3. The number of GlyR SSDs (based on GlyR detections) was only marginally reduced (MW, **P < 0.01).

Data information: Number of synapses: n = 452 in TTX, n = 583 in 4‐AP condition, from three independent experiments. Mean ± SEM. These analyses are based on the same dataset as in Fig 5. Source data are available online for this figure.
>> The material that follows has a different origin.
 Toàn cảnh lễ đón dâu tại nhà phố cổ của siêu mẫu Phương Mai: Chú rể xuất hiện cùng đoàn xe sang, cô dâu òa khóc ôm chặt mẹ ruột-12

Figure 7. Reduction of gephyrin phosphorylation at synapses but not within SSDs by 4‐AP

1. A–C

   Reduced immunoreactivity of S270 phosphorylated gephyrin but not total gephyrin levels after 4‐AP treatment, revealed by conventional fluorescence microscopy (KS test, P < 0.001 in B1 and P < 0.0001 in B2, P < 0.0001 in C). Total gephyrin was probed with polyclonal rabbit primary antibody (rbGPHN), and pS270 phosphorylated gephyrin with monoclonal mouse primary antibody (m7a). Number of synapses: n = 4,040 in TTX and n = 3,818 in 4‐AP conditions from two independent experiments. Scale bar: 2 µm.

2. D–F

   Reduced numbers of pS270 gephyrin (m7a) detections were recorded by dSTORM for the entire synaptic area (D, KS test, P < 0.01). The number of detections of pS270 gephyrin per SSD (E, KS test, P = 0.18) and the number of SSDs (F, MW test, P = 0.11) were not changed by 4‐AP treatment. Gephyrin was probed with mAb7a antibody and Alexa 647 dye. Number of synapses: n = 810 in TTX and n = 727 in 4‐AP conditions from three independent experiments; (F) mean ± SEM. Scale bar: 100 nm.
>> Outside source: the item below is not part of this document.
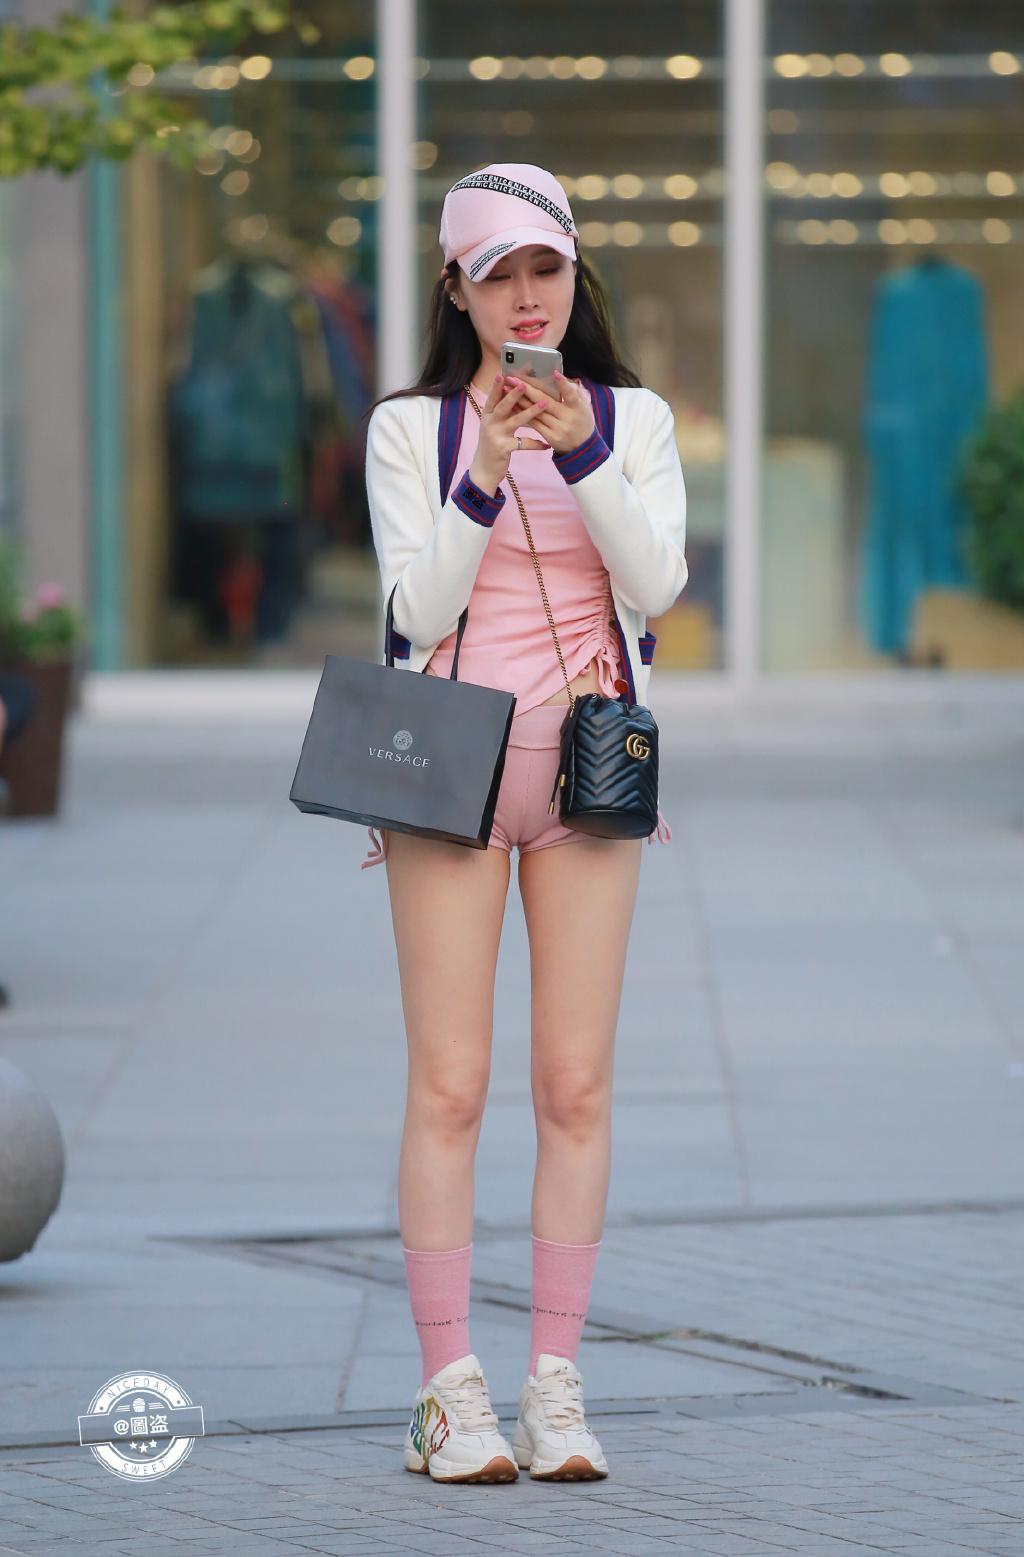 他们都说这袜子有点紧了 可能是袜子不太合身 网络美女 第3张

Source data are available online for this figure.

Figure EV5. Co‐localization of pS270 gephyrin and total gephyrin at synapses

1. A

   Co‐localization of total gephyrin (rbGPHN) and phosphorylated pS270 gephyrin clusters (mAb7a) in conventional epifluorescence images. This is a binarized version of the image shown in Fig 7A. Scale bar: 2 µm. After 4‐AP treatment, the percentage of rbGPHN clusters positive for mAb7a (binarized) showed only a minor reduction (middle panel, MW test, **P < 0.01), possibly as a result of decreased mAb7a immunoreactivity. The percentage of mAb7a clusters positive for rbGPHN was not changed (right panel, MW test P = 0.74). mean ± SD; TTX: n = 4,040 synapses, 4‐AP: n = 3,818, from two independent experiments.

2. B

   Gephyrin SSDs segmented from mAb7a clusters in dSTORM images did not show differences in size after 4‐AP treatment (KS test, P = 0.05, n = 810 synapses in TTX and n = 727 in 4‐AP conditions from three experiments).

3. C–E

   Variability of network activity in the control condition (CTRL, no treatment) in primary spinal cord neuron cultures. (C) The pooled results of two independent experiments (shown in D and E) show that the immunoreactivity of pS270 gephyrin (mAb7a antibody) is differentially modulated by pharmacological treatments that increase (4‐AP, red traces) or decrease (TTX, blue) network activity, relative to the control condition (CTRL, black). Some of these data (TTX and 4‐AP) are the same as the ones shown in Fig 7B and C. Number of synapses: n = 4,040 in TTX (blue traces), n = 3,818 in 4‐AP (red), n = 3,946 in the CTRL condition (black) from two independent experiments. (D, E) Separate analysis of the two experiments shows that while the difference between the TTX and 4‐AP conditions is consistent, the control can vary substantially between experiments. Number of synapses: n = 2,362 in CTRL, n = 2,577 in TTX and n = 2,283 in 4‐AP conditions in (D), and n = 1,584 in CTRL, n = 1,463 in TTX and n = 1,535 in 4‐AP in (E). KW test/Dunn's test, ns: not significant, *P < 0.05, **P < 0.01, ***P < 0.001, ****P < 0.0001.

Source data are available online for this figure.

Figure 8. Differential regulation of GlyRs, GABA_ARs, and gephyrin at mixed inhibitory synapses

Left: Inhibitory GlyRs (dark blue), GABA_ARs (light blue), and gephyrin scaffolds (red) are organized in sub‐synaptic domains (SSD) and are aligned with pre‐synaptic release sites (green), forming trans‐synaptic nanocolumns (dotted boxes). Right: Increased network activity differentially affects the numbers of GABA_AR complexes (light blue pentagons) and the phosphorylation status of gephyrin (phospho‐S270 domain, dark red), while GlyRs and total gephyrin levels are largely unaffected.